With a bit of Googling I managed to find:
http://www.math.nus.edu.sg/aslaksen/projects/lcl.pdf
which goes into calculations in great detail and also has code (I think in Mathematica) embedded. Apart from that, there are a few links that may be useful at:
http://www.math.nus.edu.sg/aslaksen/calendar/indian.shtml
And finally, a look at the Astrolog source code may be be able to give you some insight into the calculations themselves... Astrolog does do a Vedic chart too, so presumably it can do calculations for Indian calendars.
I'd appreciate it if you (a) released whatever code you write under a FOSS licence and (b) kept the list (or at least me) posted on progress in the app.
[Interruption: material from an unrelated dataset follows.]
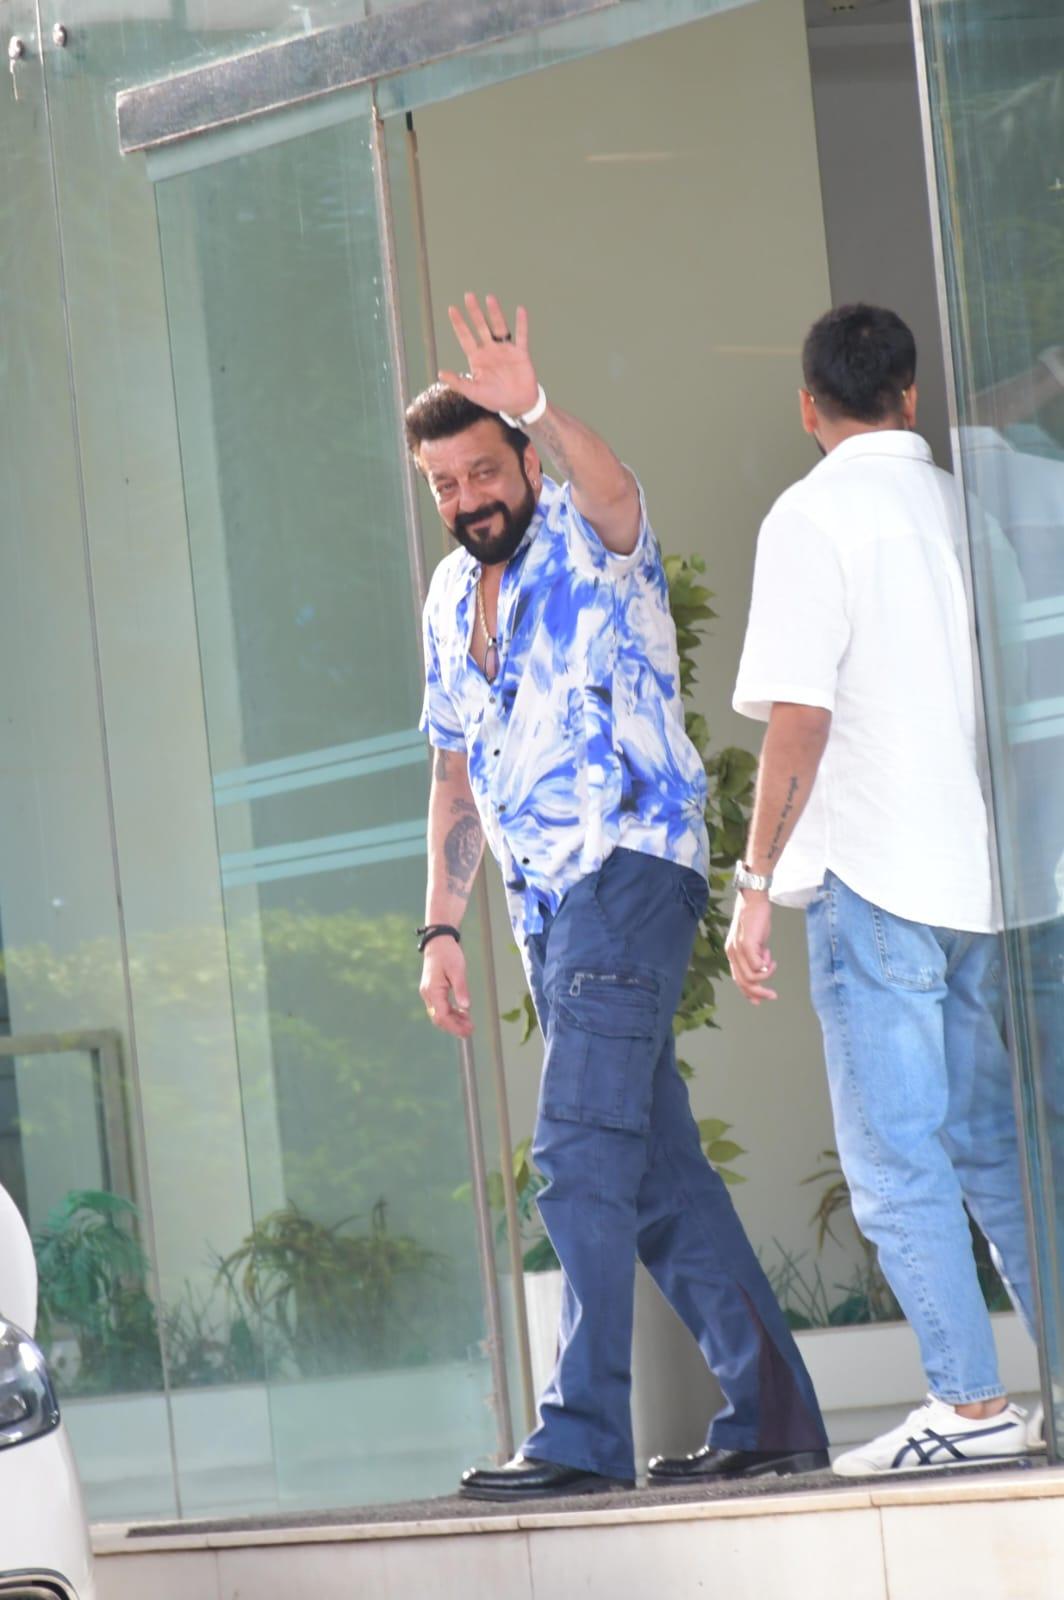 Sanjay Dutt, the iconic actor of Bollywood, was captured at an office in the city.
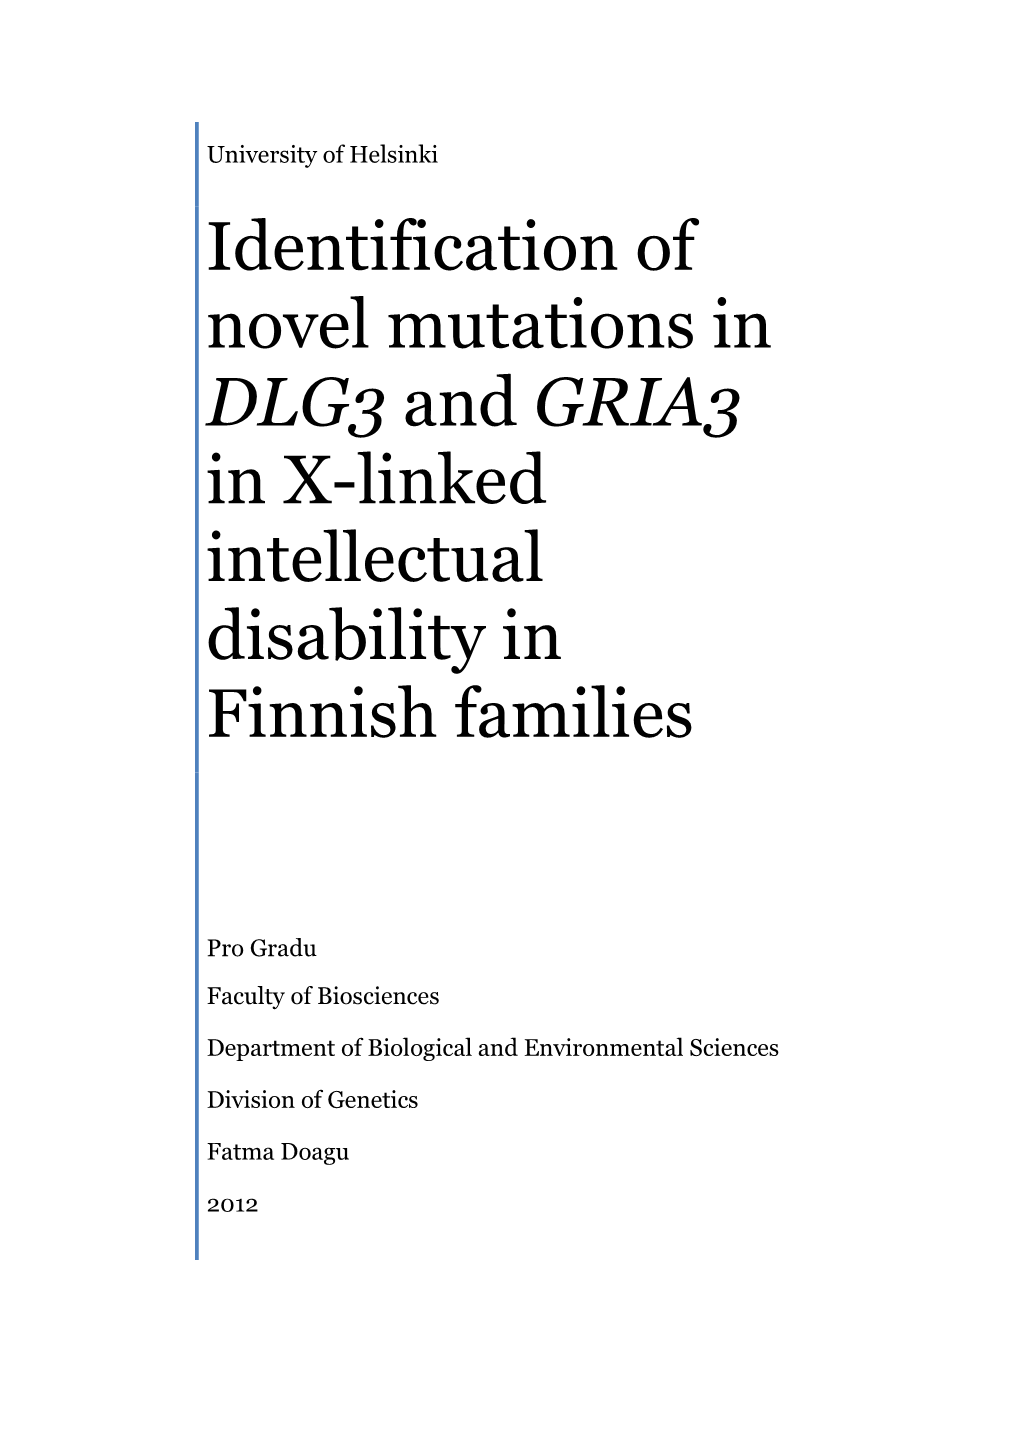 Identification of Novel Mutations in DLG3 and GRIA3 in X-Linked Intellectual Disability in Finnish Families

Now over to the GPL vs BSD fanatics who will help you decide which licence to use for your code ;-)
Regards,
-- Raju
Hi,
On Fri, Jul 9, 2010 at 3:41 AM, Pratik Anand pratik.preet@gmail.com wrote:
unfortunately, the hindu calendar varies much from the our de-facto
system
in no. of days in months. So, I am looking for an algorithm which does it effectively , otherwise, I will have to write it from scratch which may have some bugs(in dates). the app first calculates the time in seconds(unix epoch way) then converts it to gregorian. This info be of help,if any.
Why writing from scratch should be difficult ?
From the wiki link provided by Sudheer:
http://en.wikipedia.org/wiki/Indian_national_calendar
Chaitra 1, 1879 Saka Era, == March 22, 1957
Consider this as your 'epoch'. 1. Calculate no of days from epoch (ndays) e.g: 31 Aug, 2010 is '19521' http://www.timeanddate.com/date/durationresult.html?d1=31&m1=08&y1=2...
http://www.timeanddate.com/date/durationresult.html?d1=31&m1=08&y1=2010&d2=22&m2=03&y2=19572. Add 'ndays' to Chaitra 1, 1879 using the Indian calendaring system. the table gives number of days for each month and conditions for leap years / leap months are also given.
Both subtraction of dates and adding a duration to date, are standard exercise problems for first course in C programming.